Я гляжу только на тебя, женская моя ипостась на земле. Другие — чужая кровь, не единородная, как ты, родившаяся со мной в один день. […] Но с тех пор как губы мои опушились темными волосками, у многих дам, когда они глядят на меня, влажнеют глаза. А я, напротив, холоден к ним, никого сильнее не хочу видеть, чем тебя.
Слова «я смотрю только на тебя» и сопровождающее их чудесное определение «женская моя ипостась на земле» выражают суть дела самым недвусмысленным образом. Вилигис свидетельствует тут о себе, что его сходство с сестрой составляет основу его влечения к ней, что он любит в ней свое отражение. Этот нарциссизм не должен удивлять читателя.

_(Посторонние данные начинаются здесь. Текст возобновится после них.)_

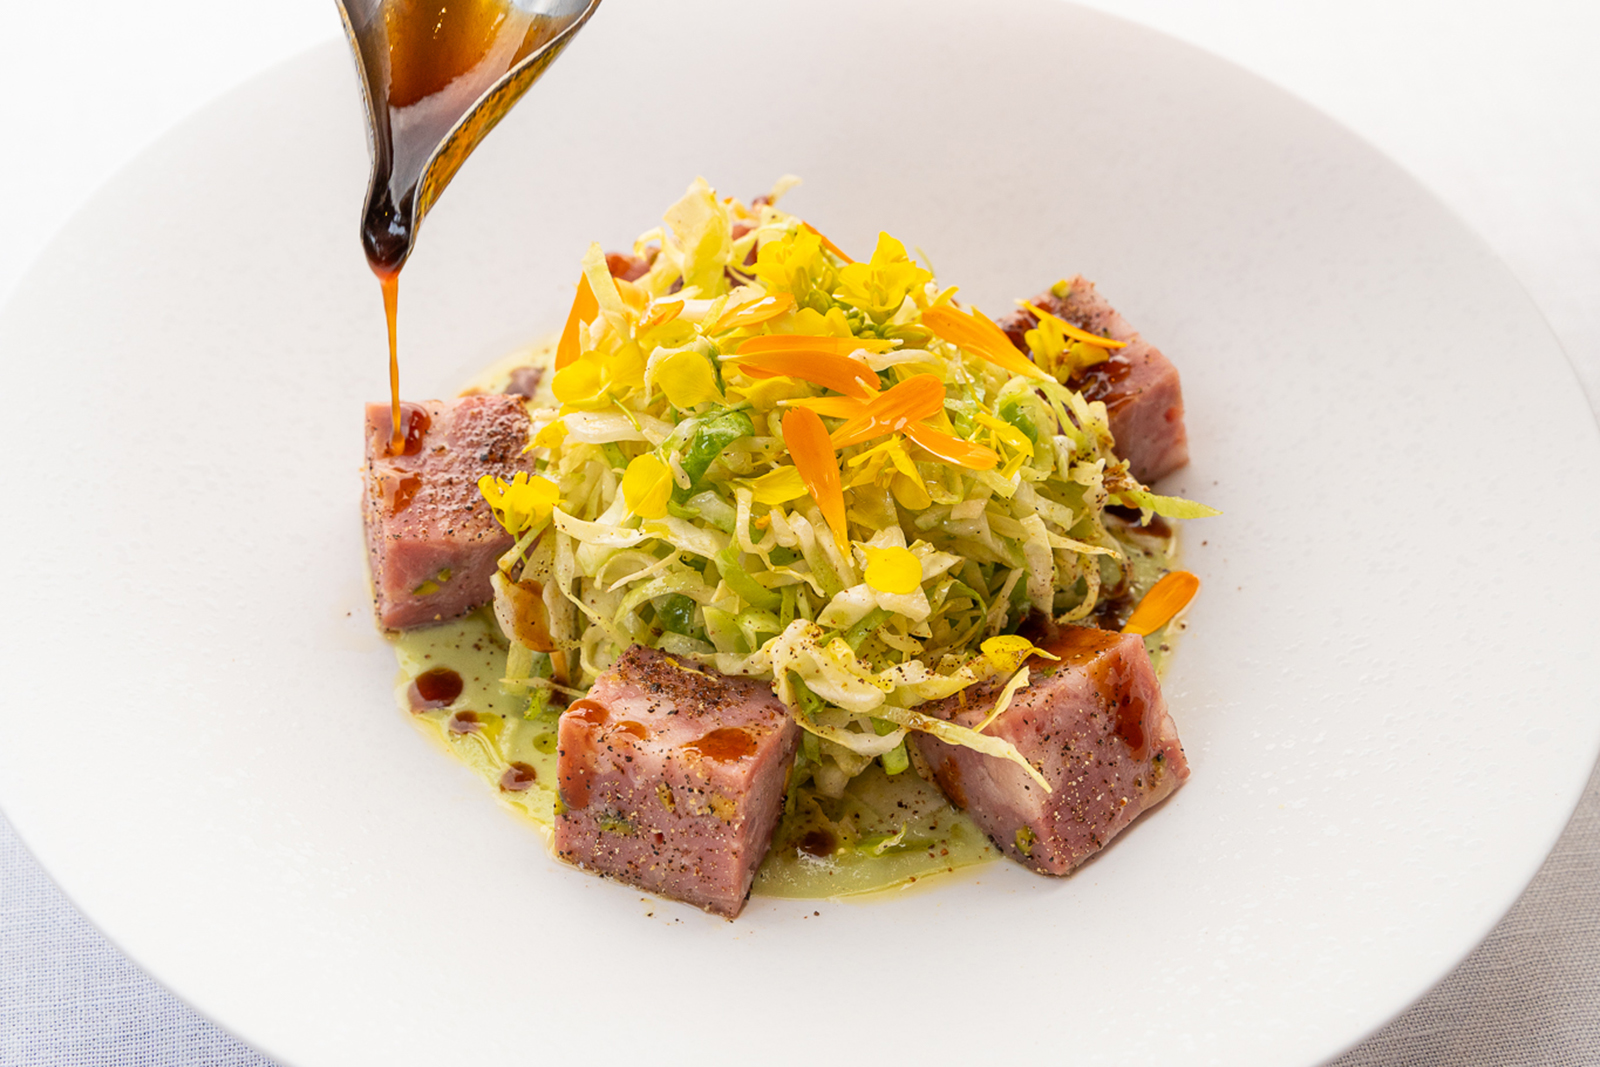 Pistachio Lyonnais sausage served warm with a spring cabbage salad and a hint of juniper berry flavor. A reduction of pork jus is poured over the appetizer before serving.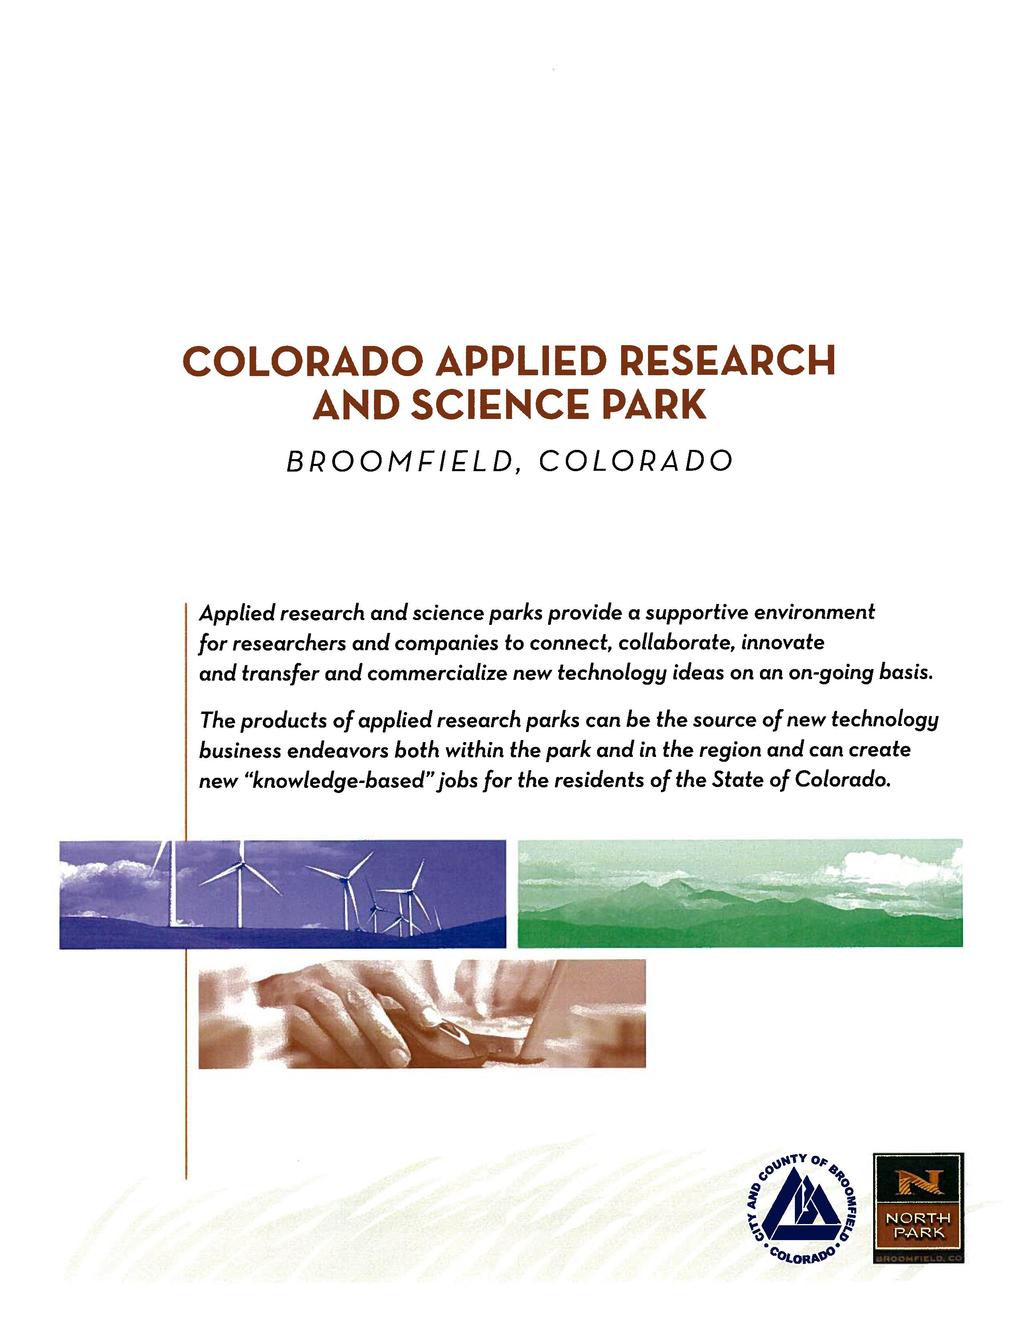 COLORADO APPLIED RESEARCH AND SCIENCE PARK BROOMFIELD, COLORADO Applied research and science parks provide a supportive environment for researchers and companies to connect, collaborate, innovate and

Нарцисистские черты есть и у Тадзио, и в особенности у Иосифа, я уже говорил об этом и не буду здесь повторяться.
«Я гляжу только на тебя, женская моя ипостась на земле», — говорит Вилигис, и в этих словах слышится, что его сходство с сестрой представляет собой пленительную производную от мифологического нарциссизма: любовь к ближнему, похожему на тебя, — это любовь к себе через него. А если подумать еще, то можно заметить, что, в отличие от Нарцисса, которому для любви к себе нужно смотреться в водную гладь, Вилигис не нуждается в таком зеркале. Сестра ему зеркало. Каждый взгляд, брошенный на нее, возвращает ему его отражение. Кстати, это наводит на возможную разгадку ненависти Амнона к Фамари. С момента их близости Фамарь становится ему отражением, но отражением его отвратительной стороны. Отныне и далее любой взгляд, который он бросит на нее, напомнит ему все уродливое в нем, и поэтому он требует от нее скрыться с его глаз.
И еще одно различие: когда Нарцисс протягивает руку и касается предмета своей любви, иными словами — себя самого, отраженного в воде, картина исчезает. Задрожит рябь, поднимется волна, и любимое изображение растает. Это означает, что попытка реализовать любовь уничтожает ее предмет. Но Вилигис может протянуть руку, может коснуться своей женской ипостаси, своего отражения, и оно не стирается и не исчезает. Оно остается, оно теплое и ощутимое, оно возвращает ему взгляд и прикосновение, она тоже желает и любит свое отражение — его, свою ипостась.
Сходство между братом и сестрой, этими ипостасями друг друга на земле, так велико и существенно, что оно сохраняется — как сильное воспоминание — и после смерти Вилигиса. Сибилла изнуряет себя, чтобы искупить свой грех, и рассказчик говорит:
…в расплате за грех не поплатилась своей красотой, которой Бог ее не обидел, и, хотя от бдения у нее часто бывали синие круги под глазами, она, сохраняя на земле черты покойного брата и созревая от года к году становилась красивейшей женщиной.
Если Сибилла сохраняет облик умершего и она красивейшая среди женщин, то не был ли Вилигис красивейшим из мужчин? Одинаковы ли критерии женской и мужской красоты? Похожа ли она на мужчину? Похож ли он на женщину? А может, они вдвоем составляют еще одного томас-манновского гермафродита, еще одного Иосифа, еще одного Тарзио, еще одного то ли юношу-то ли девушку, в котором-которой присутствуют оба вида сексуальности и в чертах лица которого-которой мерцают оба типа красоты? Здесь уместно напомнить, что так же, как томас-манновский Вилигис любил себя в образе Сибиллы, томас-манновский Иаков любил Рахиль, которая виделась ему в образе Иосифа, и так же, как Иосиф стал отражением своей умершей матери, так Сибилла «сохранила на земле черты покойного брата», на которого походила.
Роковое сходство повторилось и в следующем поколении. Плод греха, сын Григорс, которому предстоит быть отправленным в бочонке по воде и вернуться в свою страну, чтобы жениться на своей матери, очень похож на обоих родителей. Вначале мы можем догадываться об этом лишь косвенно — из описания его стройной фигуры, его волос, темных ресниц и изящного удлиненного черепа. Но в силу важности вопроса Томас Манн не полагается на память и понимание читателя и говорит однозначно: «Он был похож на мать, а стало быть, и на дядю».